● **Work to complete**
Find the line in the entries below that contains "Russian Wedding Stock Photos". Repeat it exactly, and every line after it through the line that contains "Mercedes-Benz E 250".

● **Task data**
* * * * * * * * *
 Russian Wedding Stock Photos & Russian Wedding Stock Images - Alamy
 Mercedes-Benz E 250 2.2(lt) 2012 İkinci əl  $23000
* * * * * * * * *
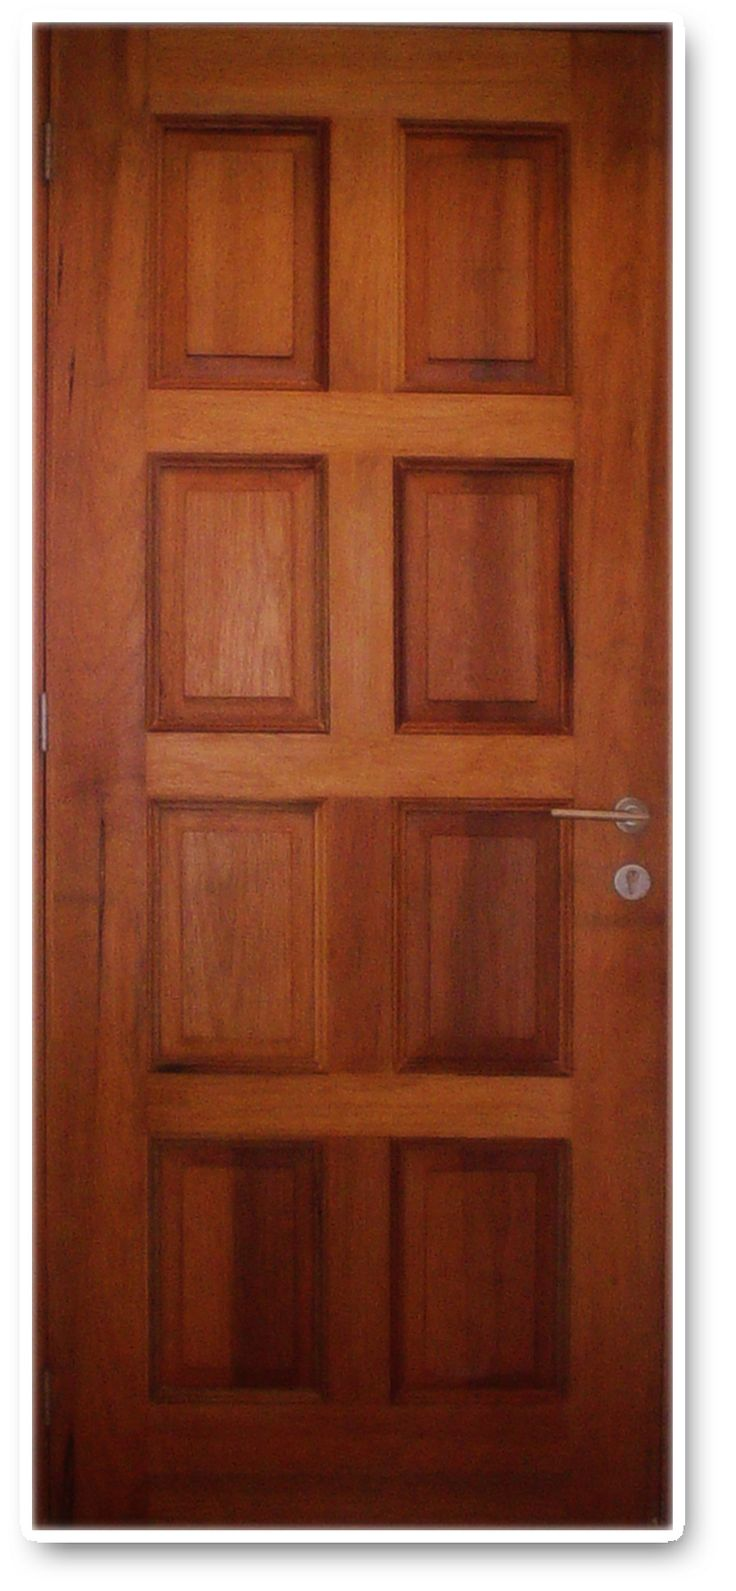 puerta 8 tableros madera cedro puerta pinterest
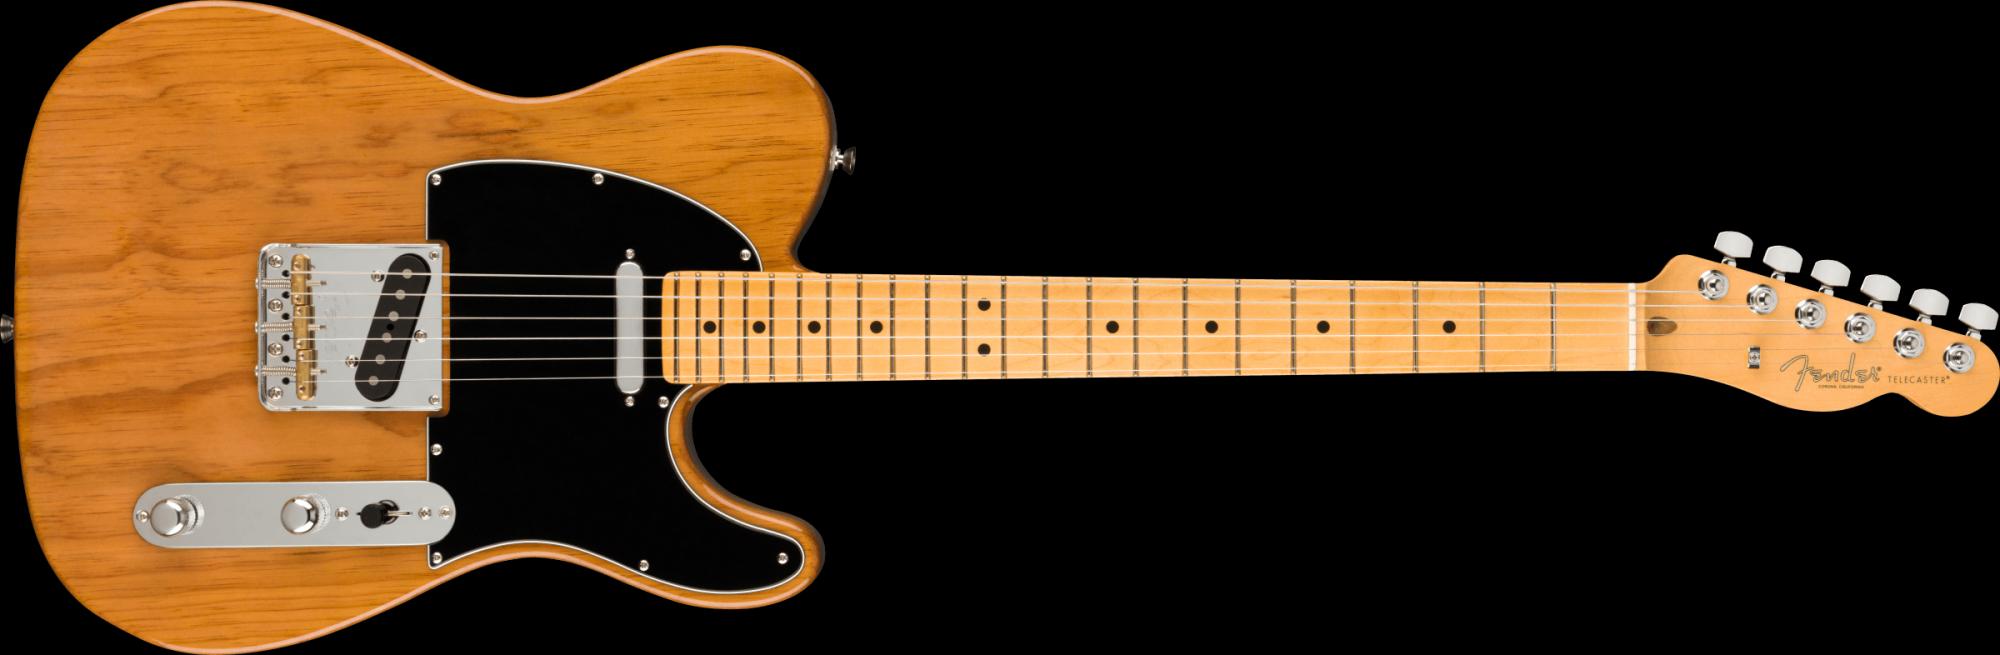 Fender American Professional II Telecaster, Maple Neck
* * * * * * * * *
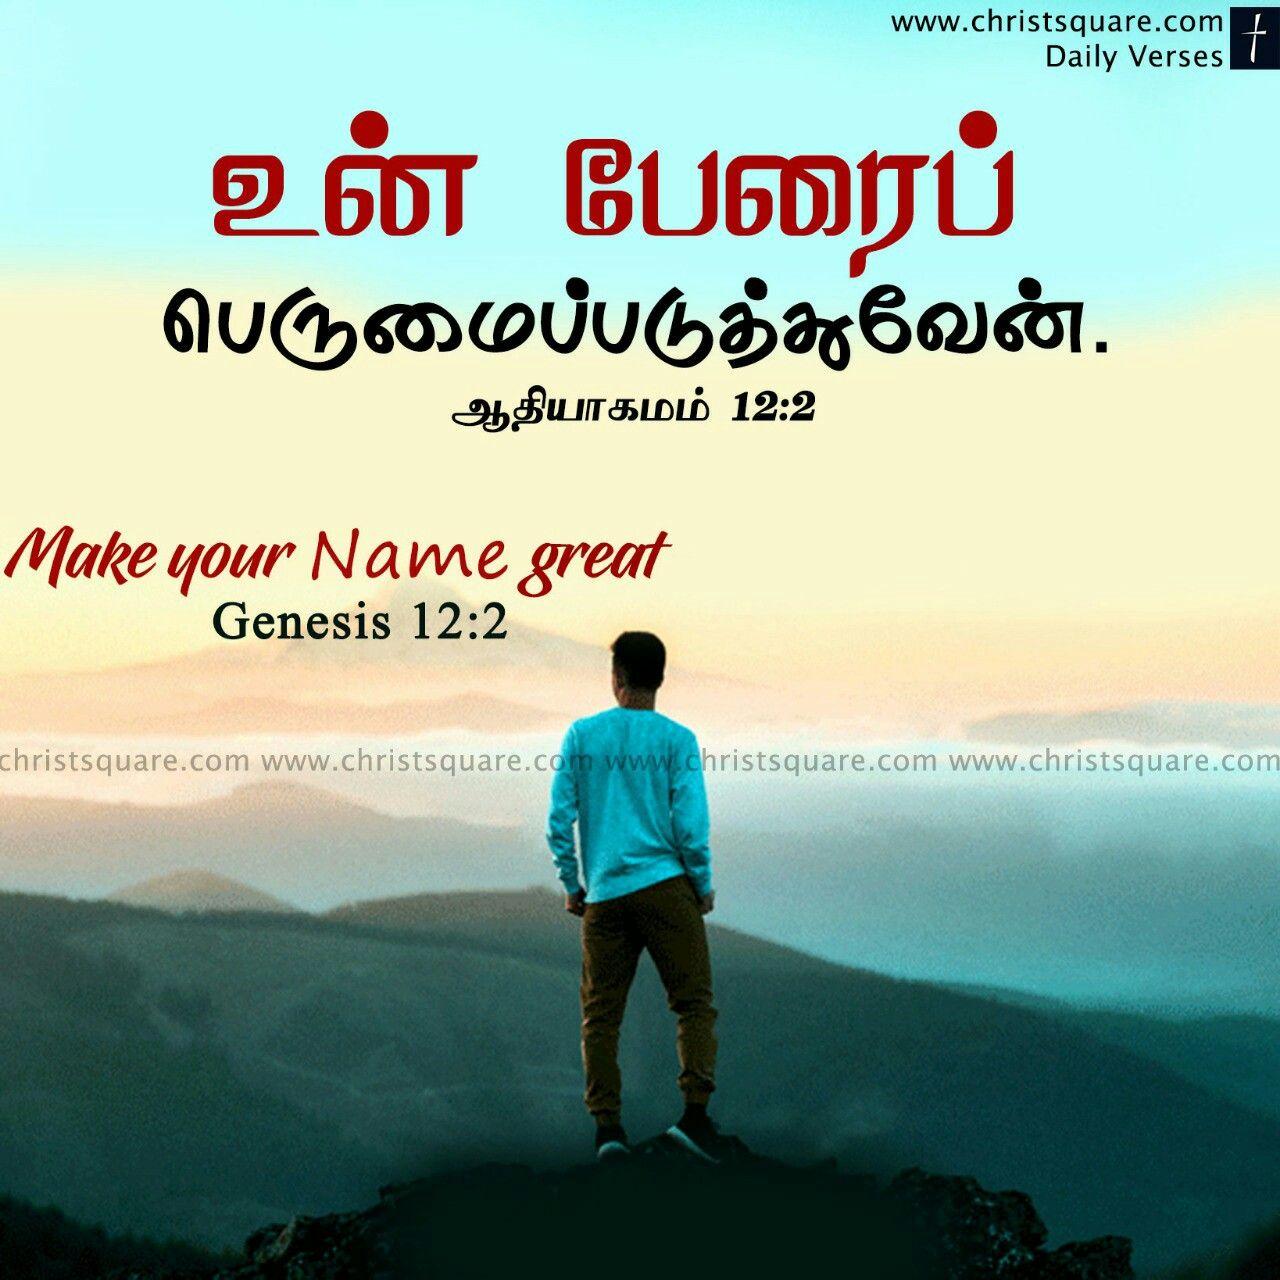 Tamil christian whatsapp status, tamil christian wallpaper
* * * * * * * * *
● **Written solution**
 Russian Wedding Stock Photos & Russian Wedding Stock Images - Alamy
 Mercedes-Benz E 250 2.2(lt) 2012 İkinci əl  $23000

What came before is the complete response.